DETAILED DESCRIPTION OF THE INVENTION

[0001]

TECHNICAL FIELD The present invention relates to a novel 1,5-anhydroglucitol dehydrogenase and a method for producing the same, and a simple and highly accurate diagnosis of diabetes and the like using the enzyme. The present invention relates to a method for determining 1,5-anhydroglucitol.

[0002]

2. Description of the Related Art 1,5-Anhydroglucitol (hereinafter, referred to as "1")
"1,5-AG") is a clinically important test item in recent years as a useful diagnostic index because the amount of serum, plasma, urine, etc. in body fluids fluctuates greatly in certain diseases, especially diabetes. It is becoming. As a method for quantifying 1,5-AG, a method of performing colorimetric quantification of generated hydrogen peroxide by a pyranose oxidase using a peroxidase coloring system (Japanese Patent Publication No. 5-41238) has become mainstream. , Is applied to general-purpose automatic analyzers. Alternatively,
There is a method in which an oxidase having 1,5-AG oxidizing ability is acted on to measure the amount of consumed oxygen, a reduced form of an electron acceptor, or an oxidized 1,5-AG reaction product.

[0003]

However, the concentration of 1,5-AG in a human-derived subject, for example, serum, is low, and in a diabetic patient, the level is further lowered. The oxidase coloring system is not sufficiently satisfactory in terms of sensitivity. Also, in the method of measuring the reductant using an oxidoreductase utilizing an electron acceptor, the reductant itself, such as 2,6-dichlorophenolindophenol or a ferricyan compound, which is an electron acceptor, is unstable. And the sensitivity is not sufficient, and it is difficult to apply it to a general-purpose automatic analyzer for processing a large number of samples.

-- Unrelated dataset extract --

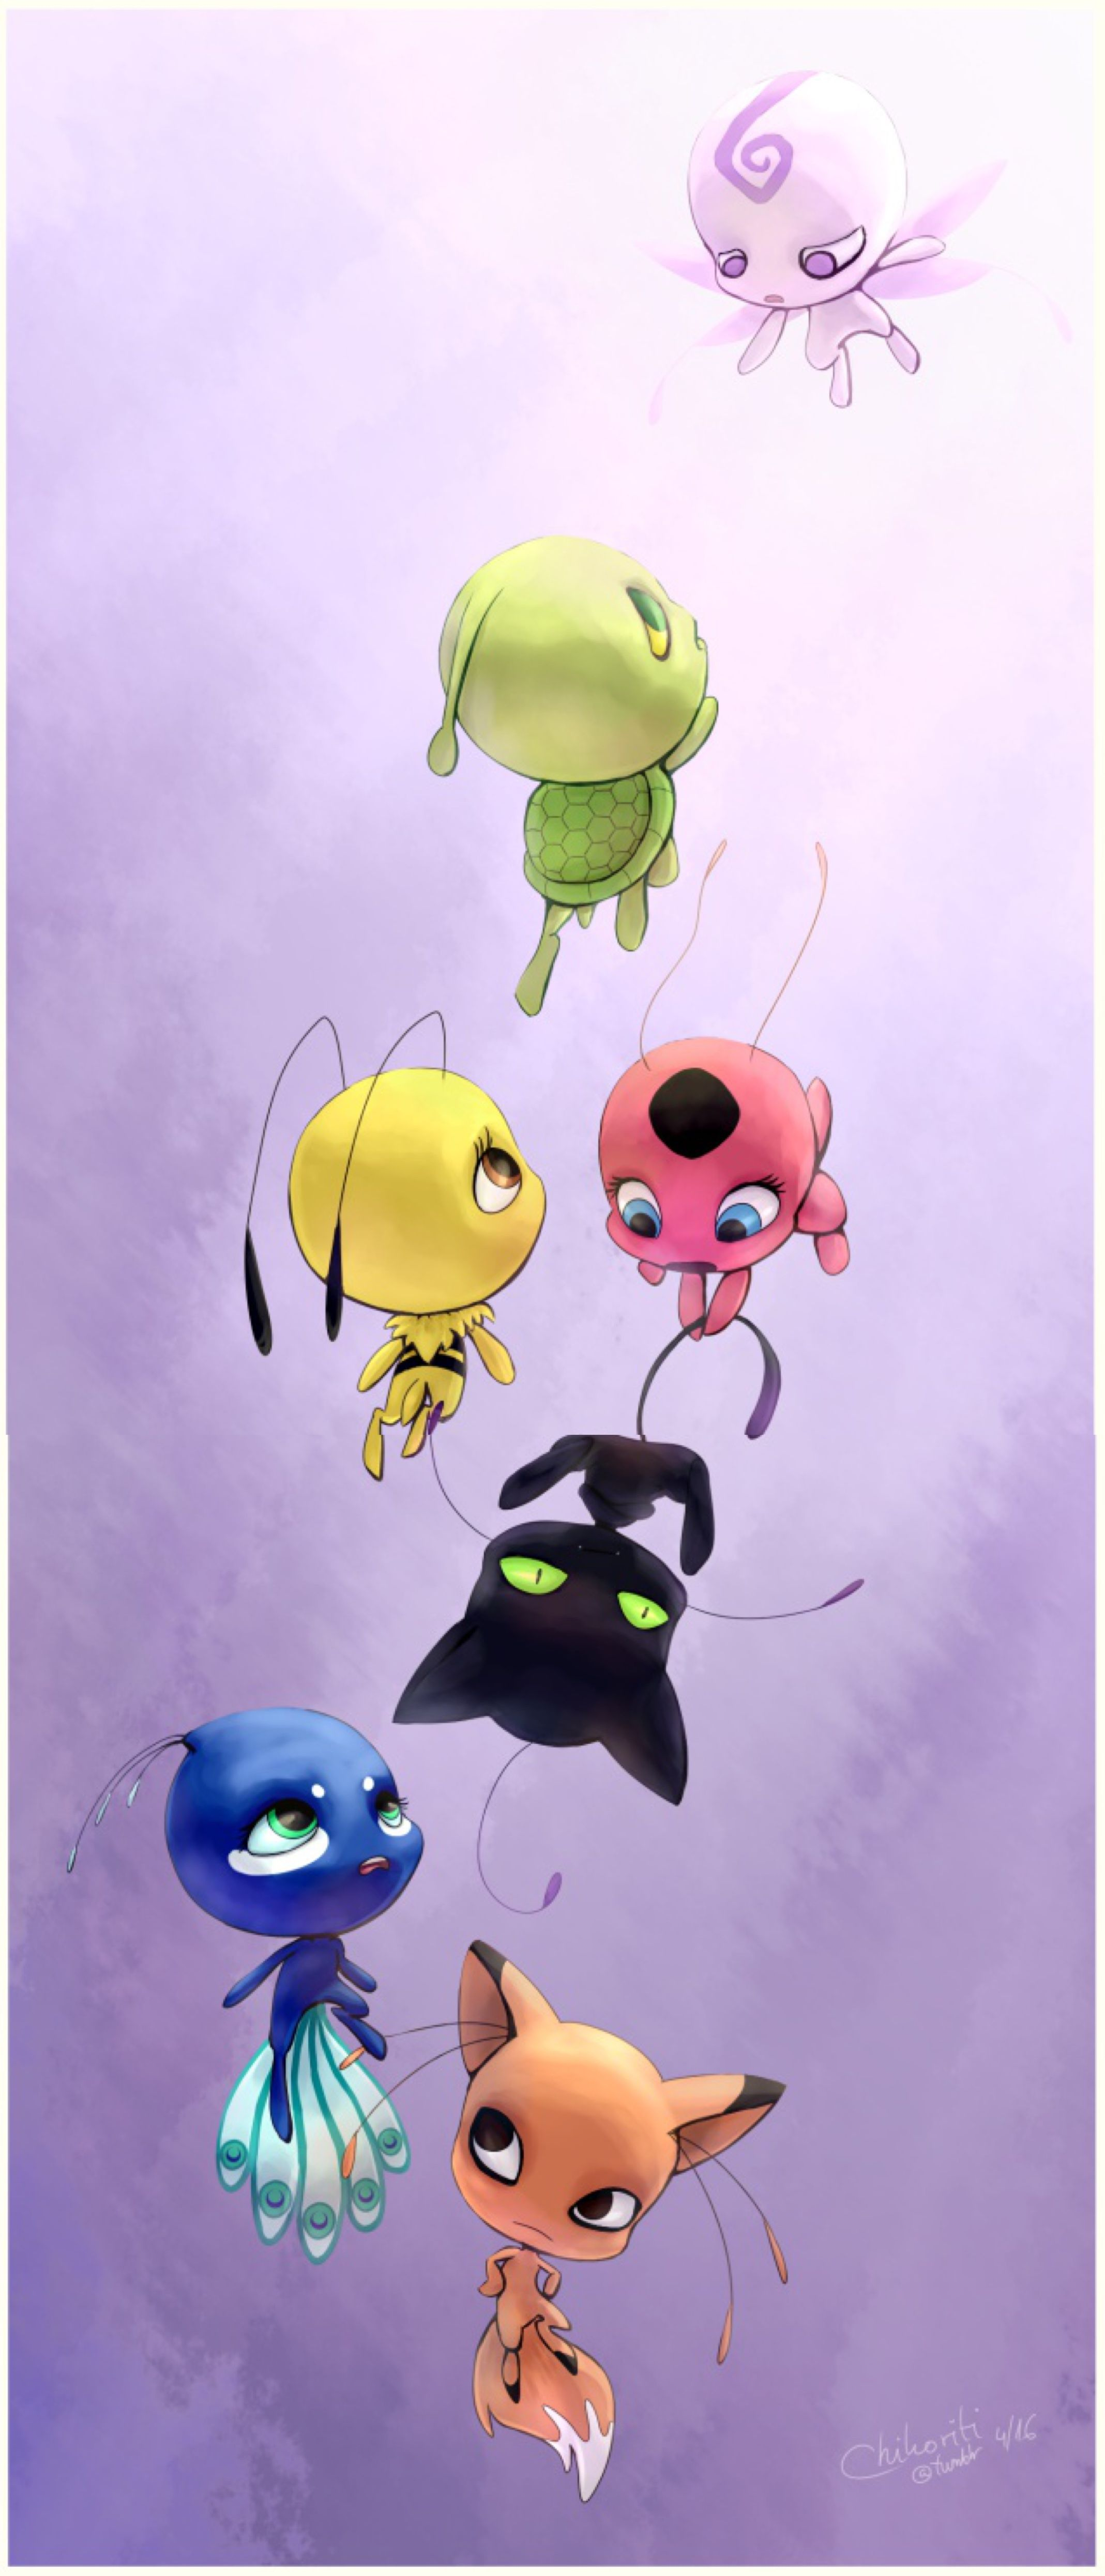 Too Cute Miraculous Wallpaper Miraculous Ladybug Wallpaper Miraculous Ladybug Anime

[0004] Therefore, there has been a demand for the development of a method for quantitatively determining 1,5-AG which can easily and accurately measure 1,5-AG and can be easily applied to a general-purpose automatic analyzer.

[0005]

Under such circumstances, the present inventors have studied the reaction systems that can be used for the analysis of 1,5-AG and searched for enzymes that can be used for them. As a result, Agrobacterium
It has been found that a novel enzyme that specifically oxidizes 1,5-AG (hereinafter referred to as "1,5-AG dehydrogenase") is present in the membrane fraction of a microorganism belonging to the genus ium). When this 1,5-AG dehydrogenase acts on 1,5-AG, it oxidizes the 2-position hydroxyl group of 1,5-AG and simultaneously activates an electron acceptor such as 2,6-dichlorophenolindophenol. Catalyzing the reduction reaction, and performing the reaction using a reducing color former, oxidizes the 2-position hydroxyl group of 1,5-AG and directly reduces the reducing color former even in the absence of an electron carrier. The inventors have found that a color-forming substance is produced, and have completed the present invention.

That is, the present invention provides a 1,5-AG dehydrogenase having the following physicochemical properties.

(1) Action: In the absence of an electron carrier, it acts specifically on 1,5-anhydroglucitol to give 2
It has the effect of catalyzing the reaction of oxidizing the hydroxyl group at the position and directly reducing the reducing color former.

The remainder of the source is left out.